2018-02-28rename SearchIdxThread to SearchIdxSkeleton
Interchangably using "all", "skel", "threader", etc. were confusing. Standardize on the "skeleton" term to describe this class since it's also used for retrieval of basic headers.
2018-02-28search: use different Enquire object for skeleton queries
A different Xapian DB requires the use of a different Enquire object. This is necessary for get_thread and thread skeleton to work in the PSGI UI.
2018-02-28search: reopen skeleton DB as well
Any Xapian DB is subject to the same errors and retries. Perhaps in the future this can made more granular to avoid unnecessary reopens.
2018-02-28v2/ui: retry DB reopens in a few more places
Relying more on Xapian requires retrying reopens in more places to ensure it does not fall down and show errors to the user.
2018-02-28v2/ui: some hacky things to get the PSGI UI to show up
Fortunately, Xapian multiple database support makes things easier but we still need to handle the skeleton DB separately.

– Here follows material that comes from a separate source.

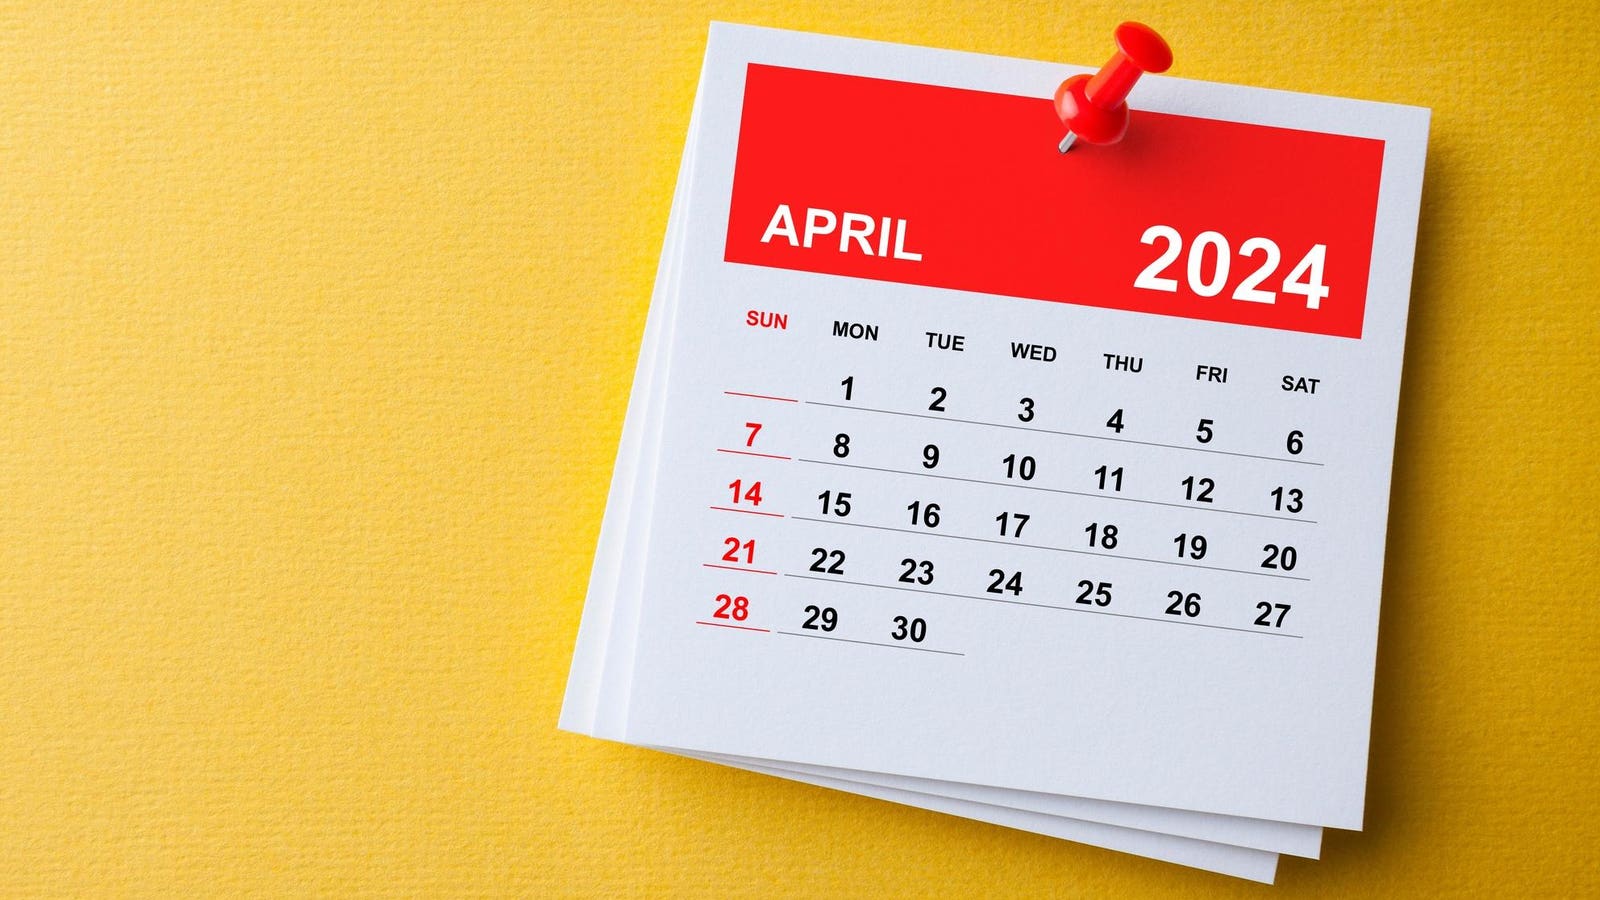 Vacation Days In April 2024
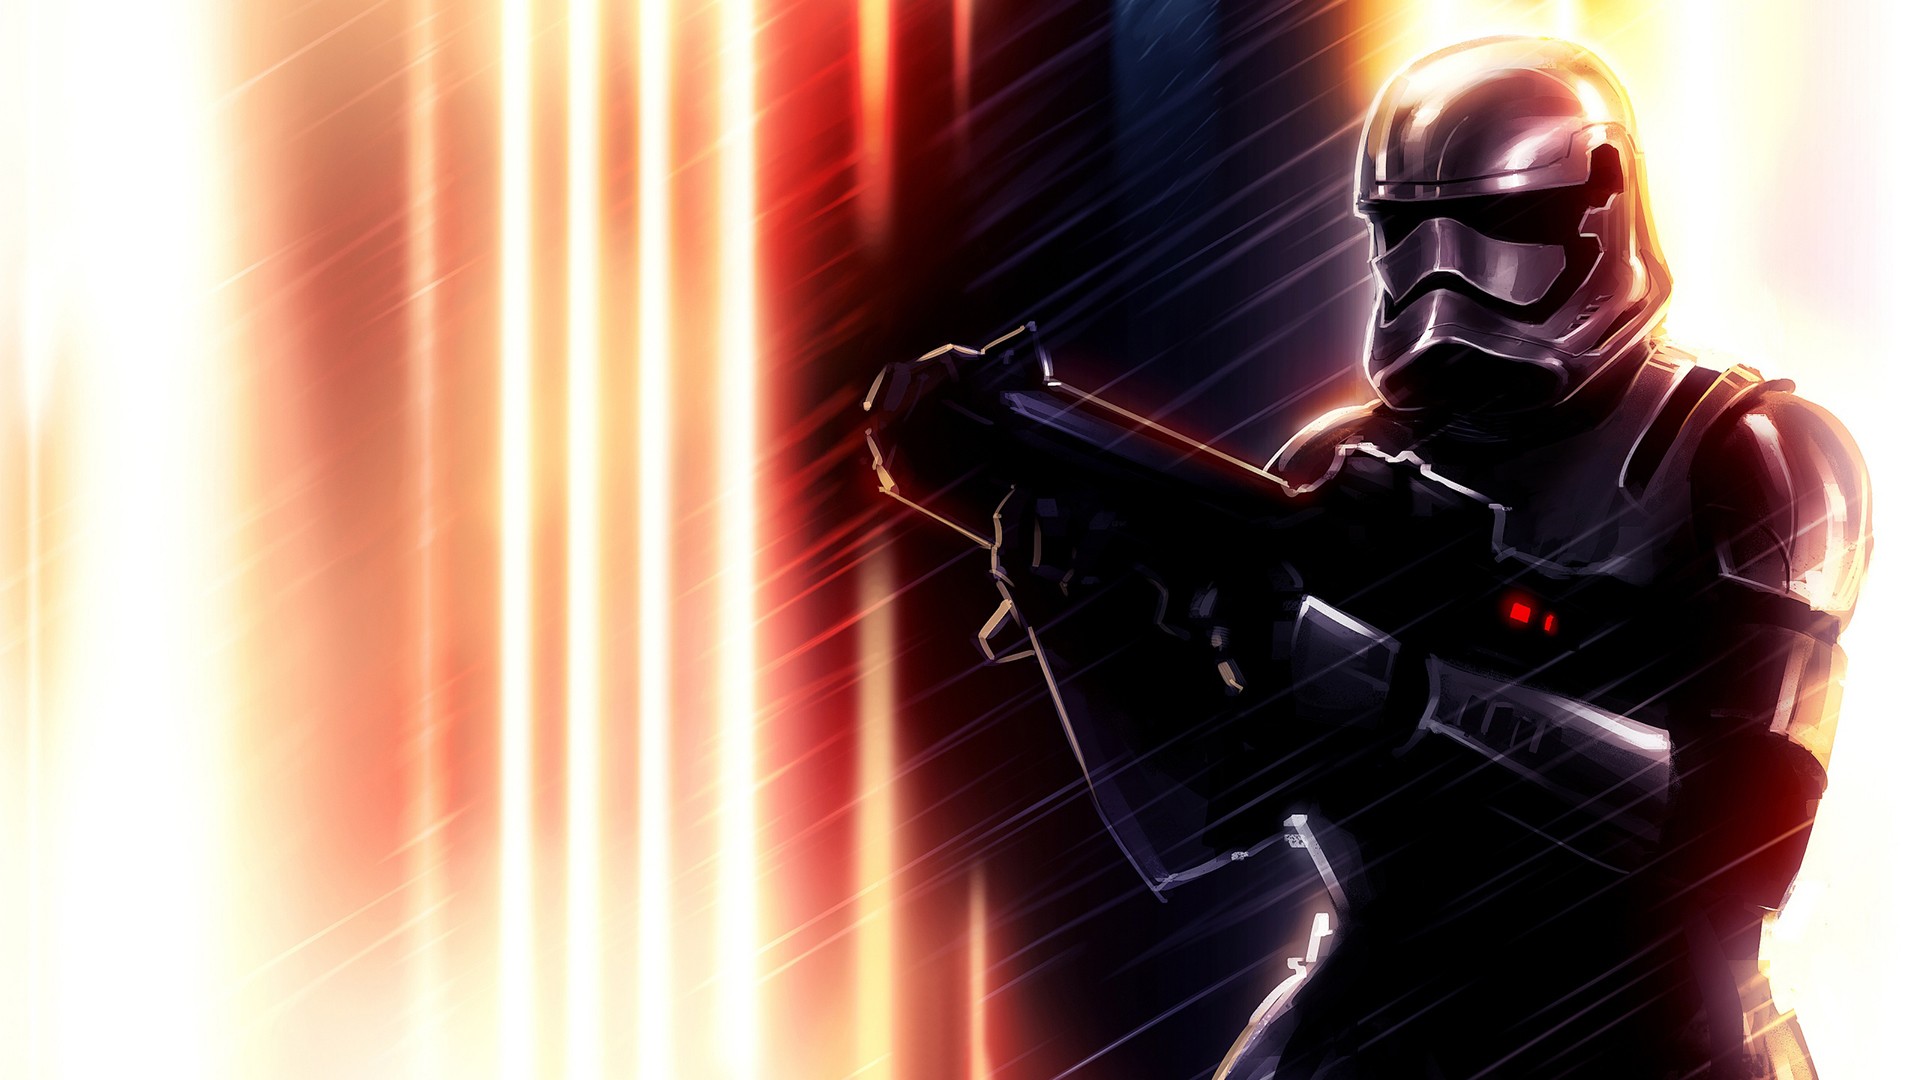 Star Wars Storm Troopers The First Order Soldier Artwork Science Fiction 1920x1080

2018-02-22v2: parallelize Xapian indexing
The parallelization requires splitting Msgmap, text+term indexing, and thread-linking out into separate processes. git-fast-import is fast, so we don't bother parallelizing it. Msgmap (SQLite) and thread-linking (Xapian) must be serialized because they rely on monotonically increasing numbers (NNTP article number and internal thread_id, respectively). We handle msgmap in the main process which drives fast-import. When the article number is retrieved/generated, we write the entire message to per-partition subprocesses via pipes for expensive text+term indexing. When these per-partition subprocesses are done with the expensive text+term indexing, they write SearchMsg (small data) to a shared pipe (inherited from the main V2Writable process) back to the threader, which runs its own subprocess. The number of text+term Xapian partitions is chosen at import and can be made equal to the number of cores in a machine. V2Writable --> Import -> git-fast-import \-> SearchIdxThread -> Msgmap (synchronous) \-> SearchIdxPart[n] -> SearchIdx[*] \-> SearchIdxThread -> SearchIdx ("threader", a subprocess) [* ] each subprocess writes to threader
2018-02-20v2: support Xapian + SQLite indexing
This is too slow, currently. Working with only 2017 LKML archives: git-only: ~1 minute git + SQLite: ~12 minutes git+Xapian+SQlite: ~45 minutes So yes, it looks like we'll need to parallelize Xapian indexing, at least.